*** Opening DATA ***

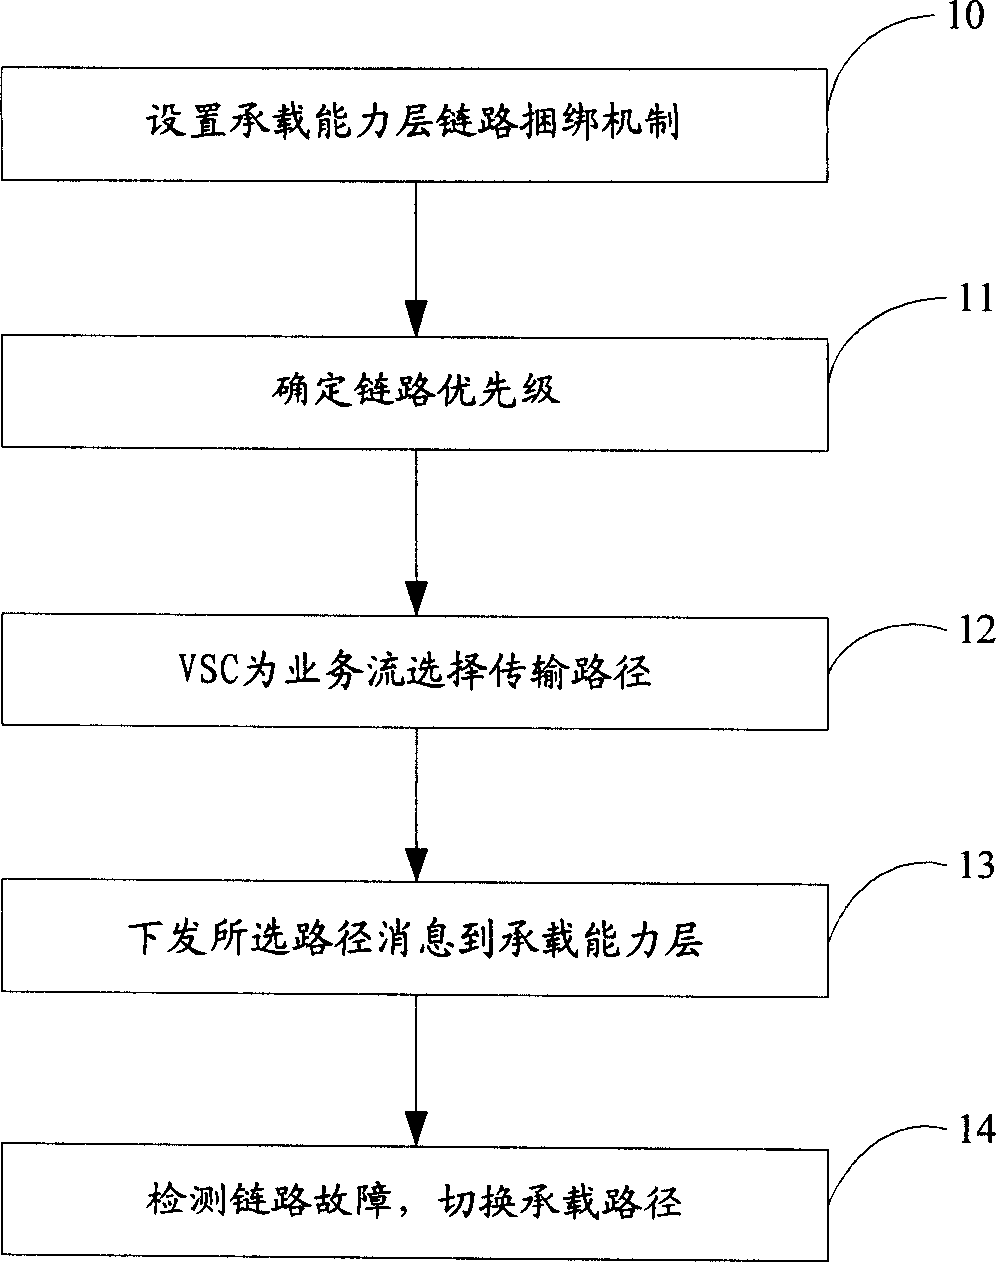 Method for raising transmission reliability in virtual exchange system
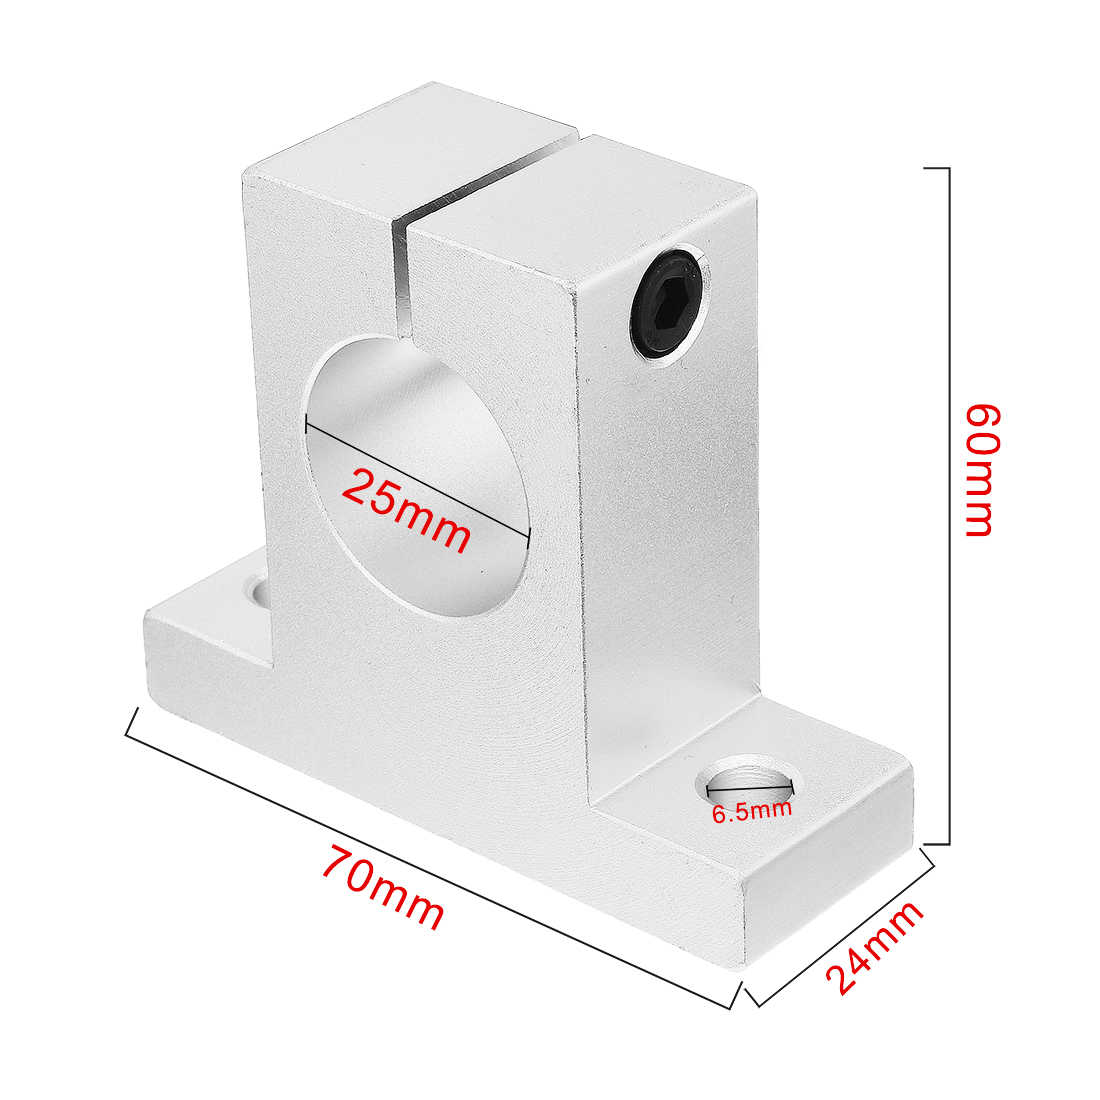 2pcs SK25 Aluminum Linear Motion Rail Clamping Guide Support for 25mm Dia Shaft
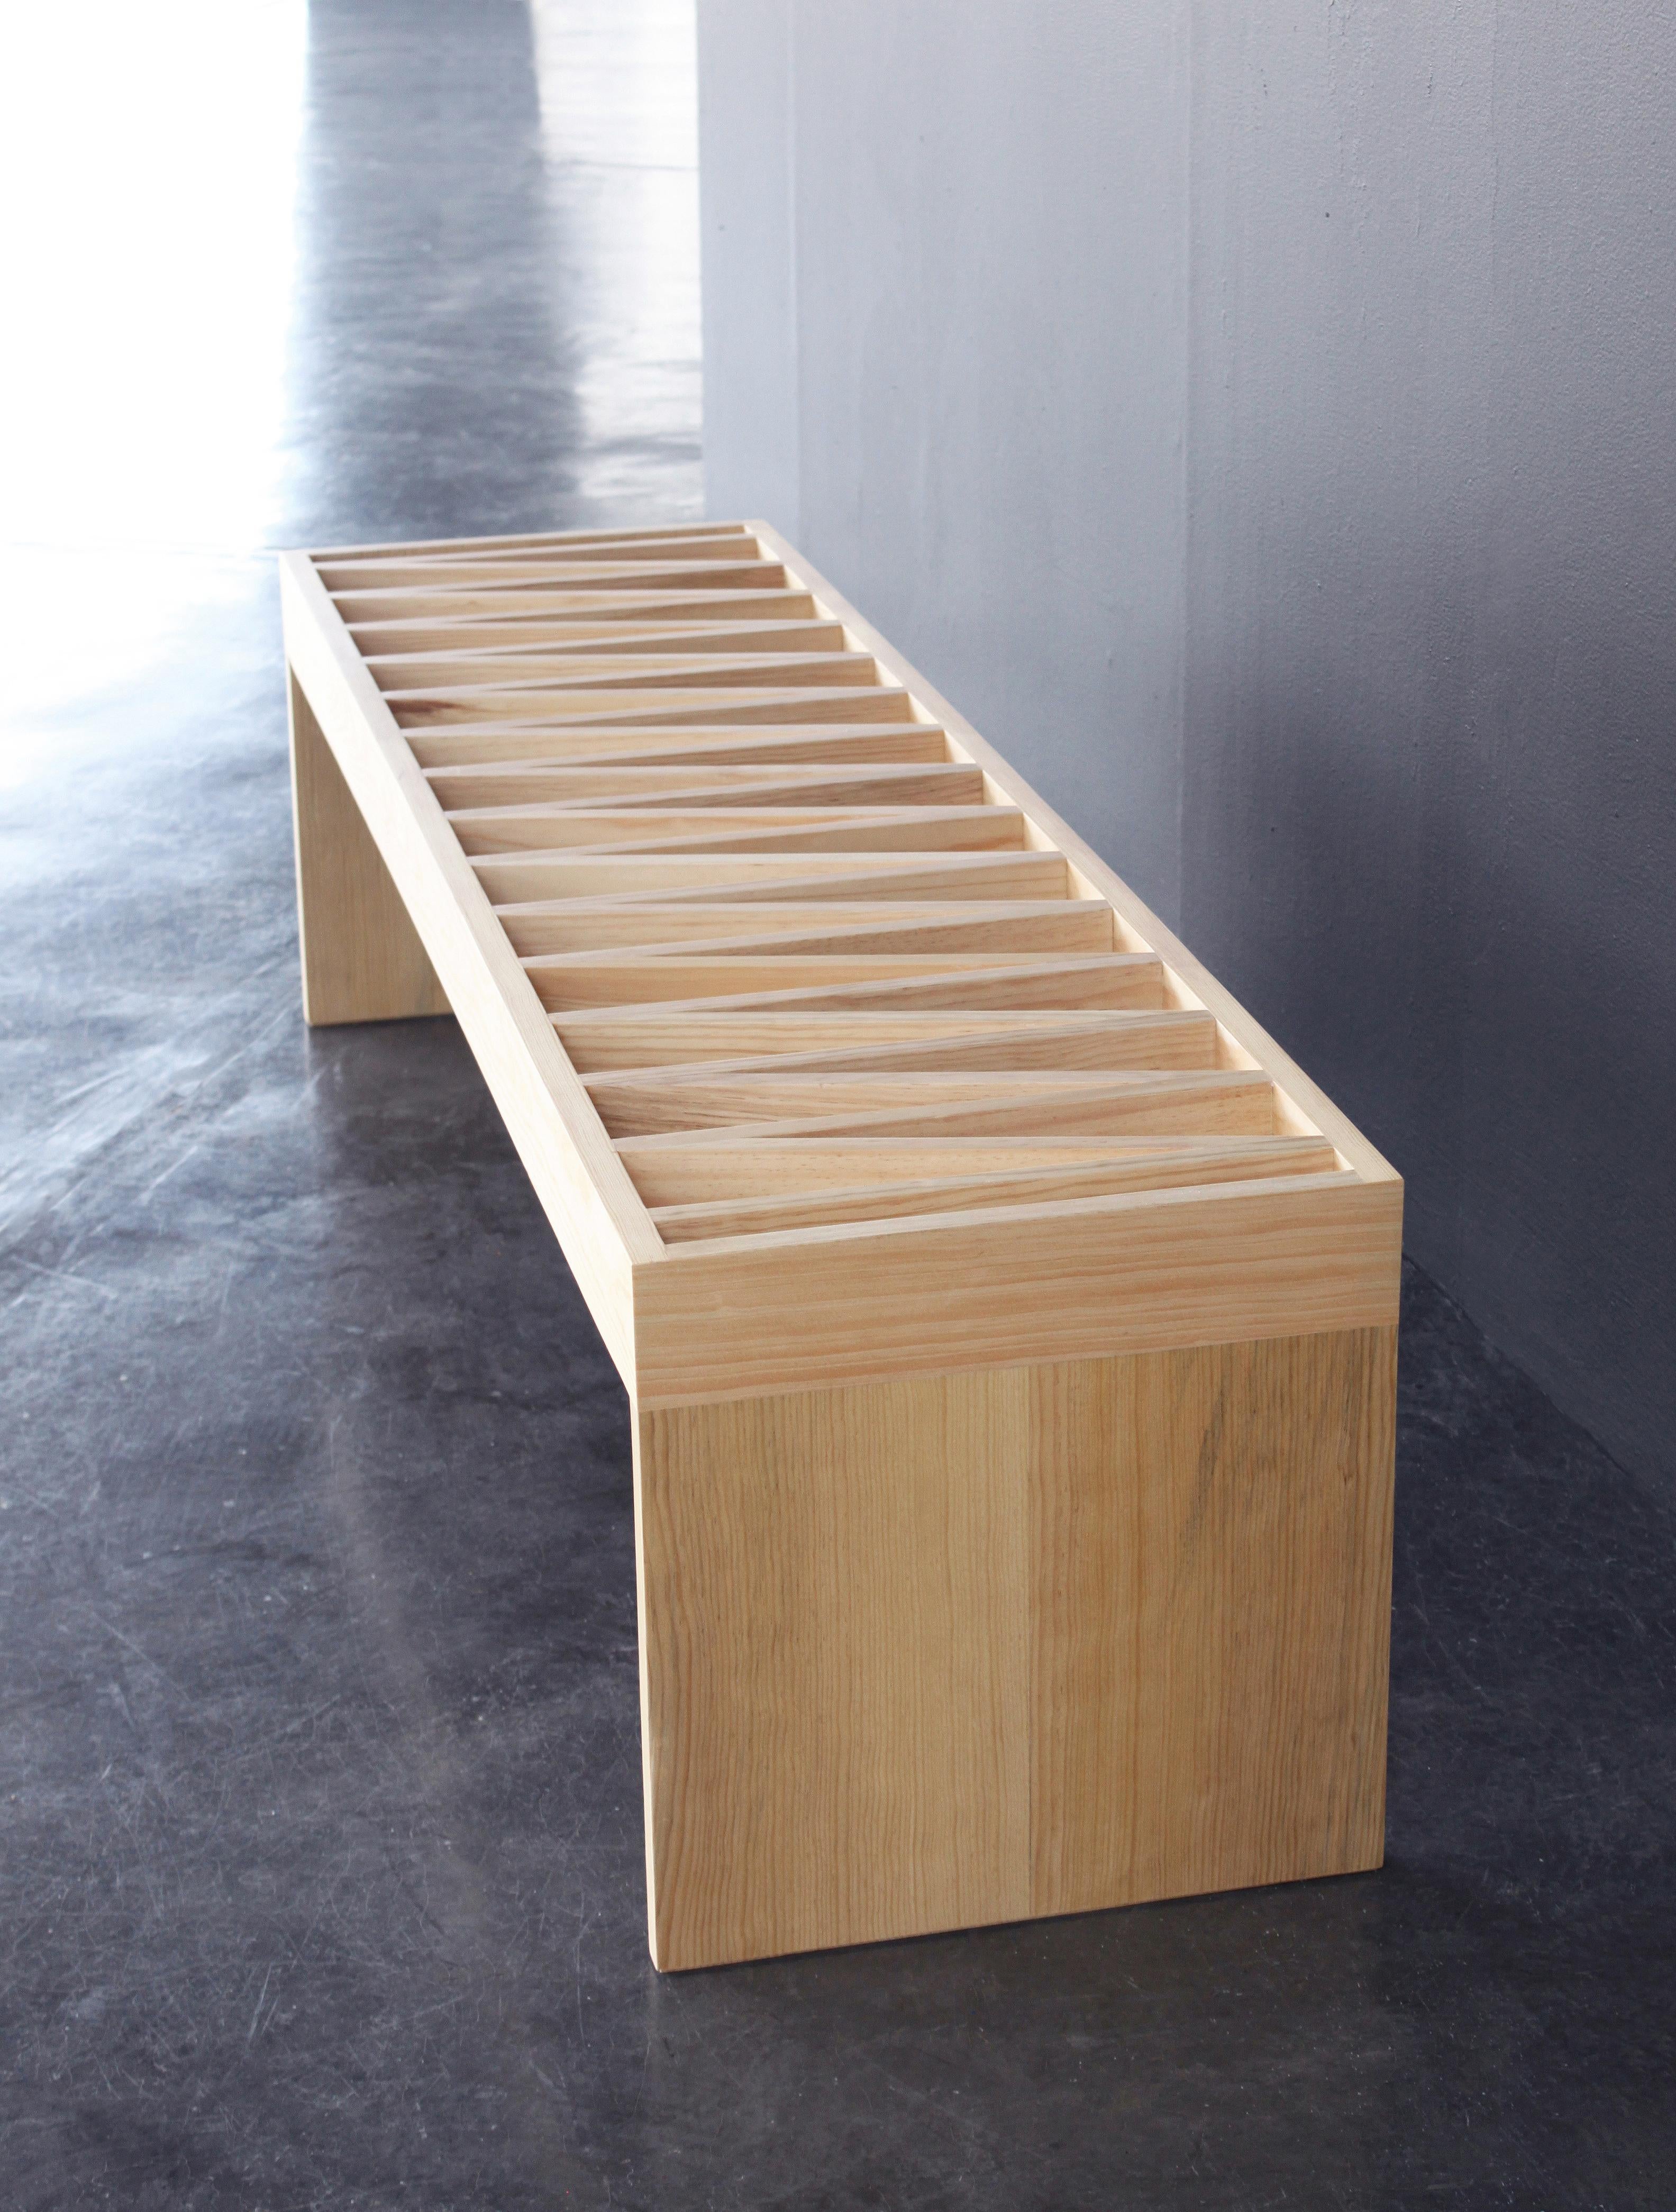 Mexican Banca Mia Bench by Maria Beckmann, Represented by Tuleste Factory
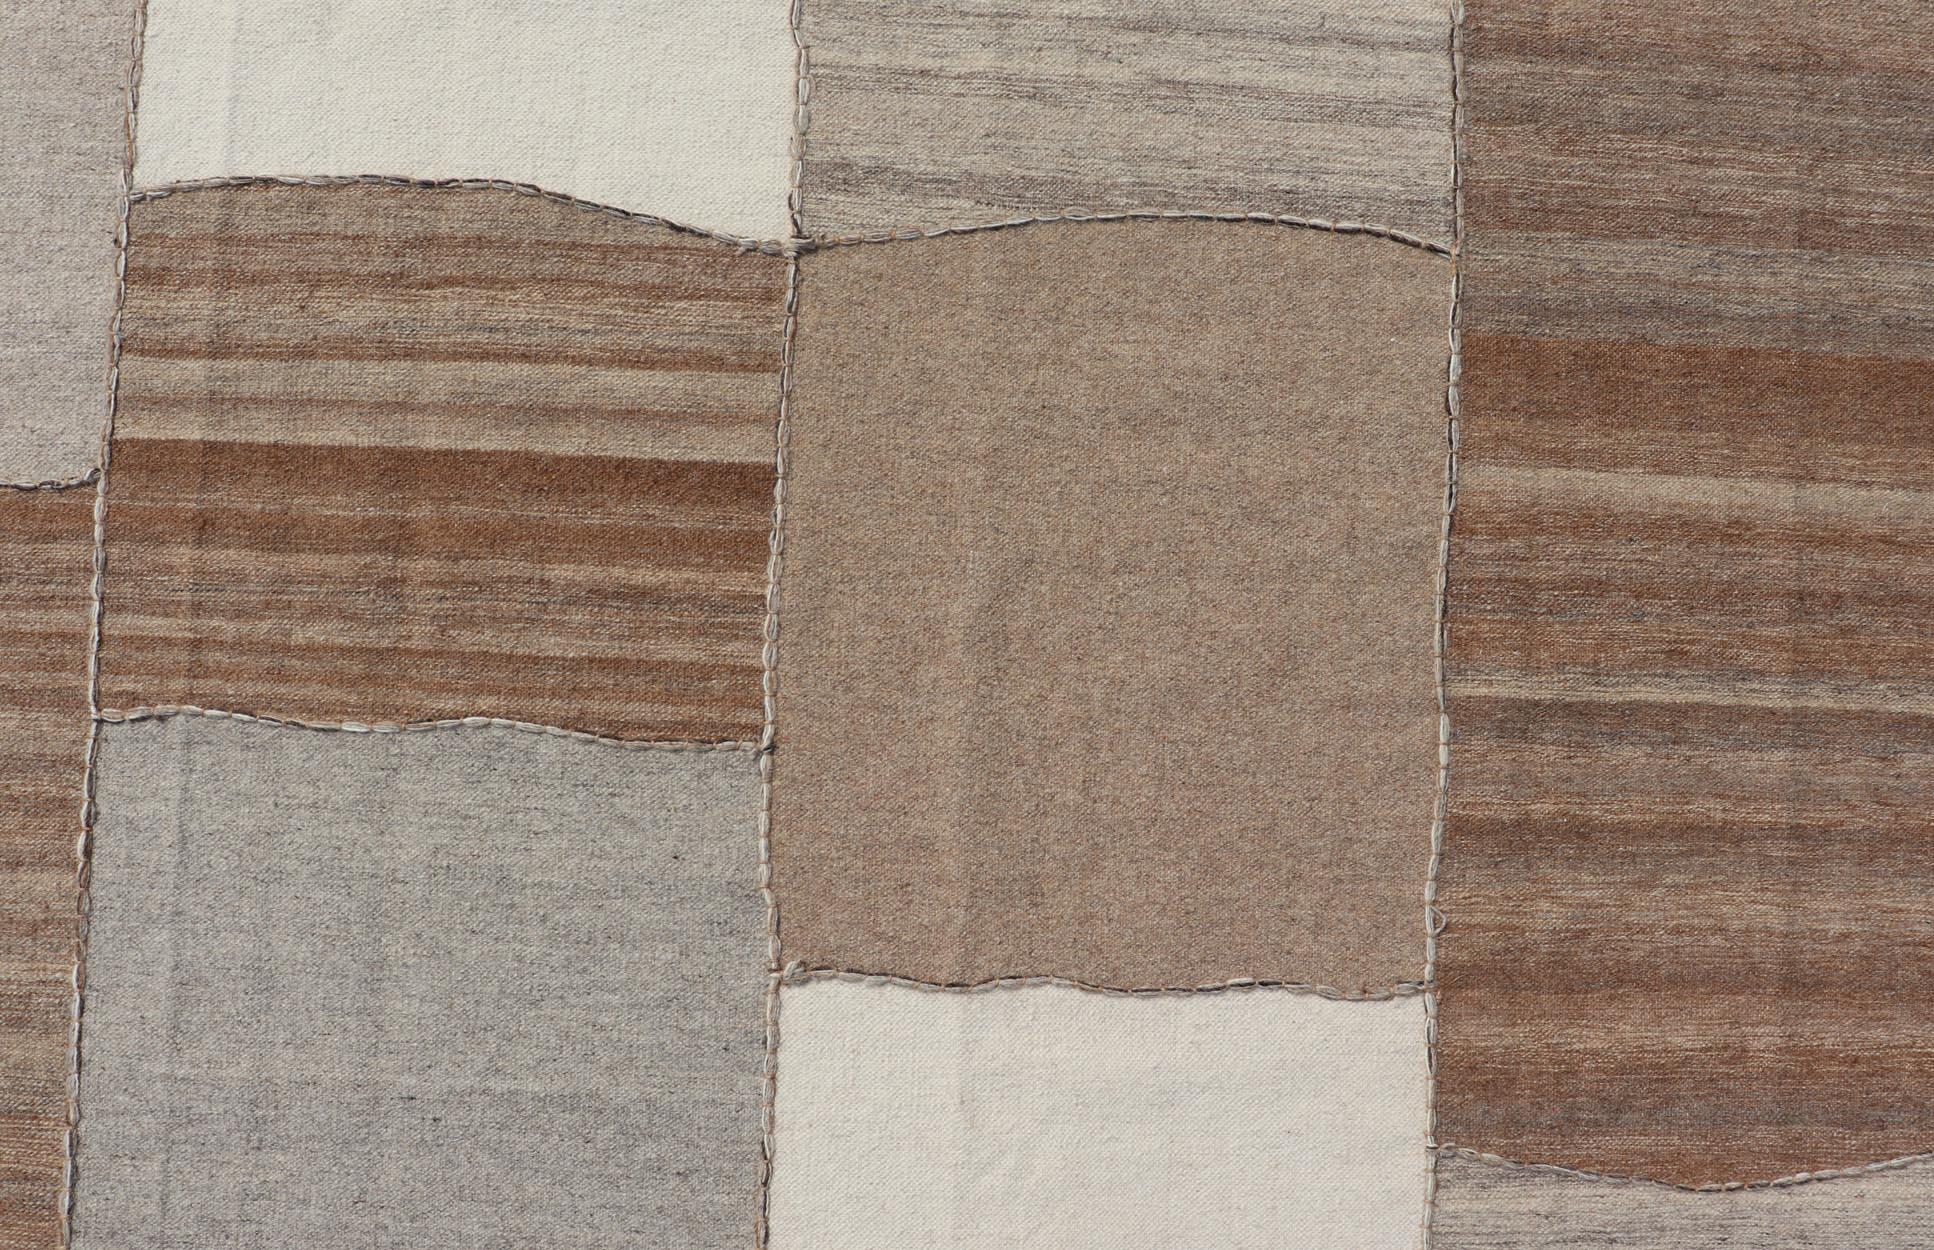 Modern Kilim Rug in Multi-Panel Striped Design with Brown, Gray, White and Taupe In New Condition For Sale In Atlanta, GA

*** Closing DATA ***

Pictures aside, print every line of the material exactly.

 Method for raising transmission reliability in virtual exchange system
 2pcs SK25 Aluminum Linear Motion Rail Clamping Guide Support for 25mm Dia Shaft
 Mexican Banca Mia Bench by Maria Beckmann, Represented by Tuleste Factory
 Modern Kilim Rug in Multi-Panel Striped Design with Brown, Gray, White and Taupe In New Condition For Sale In Atlanta, GA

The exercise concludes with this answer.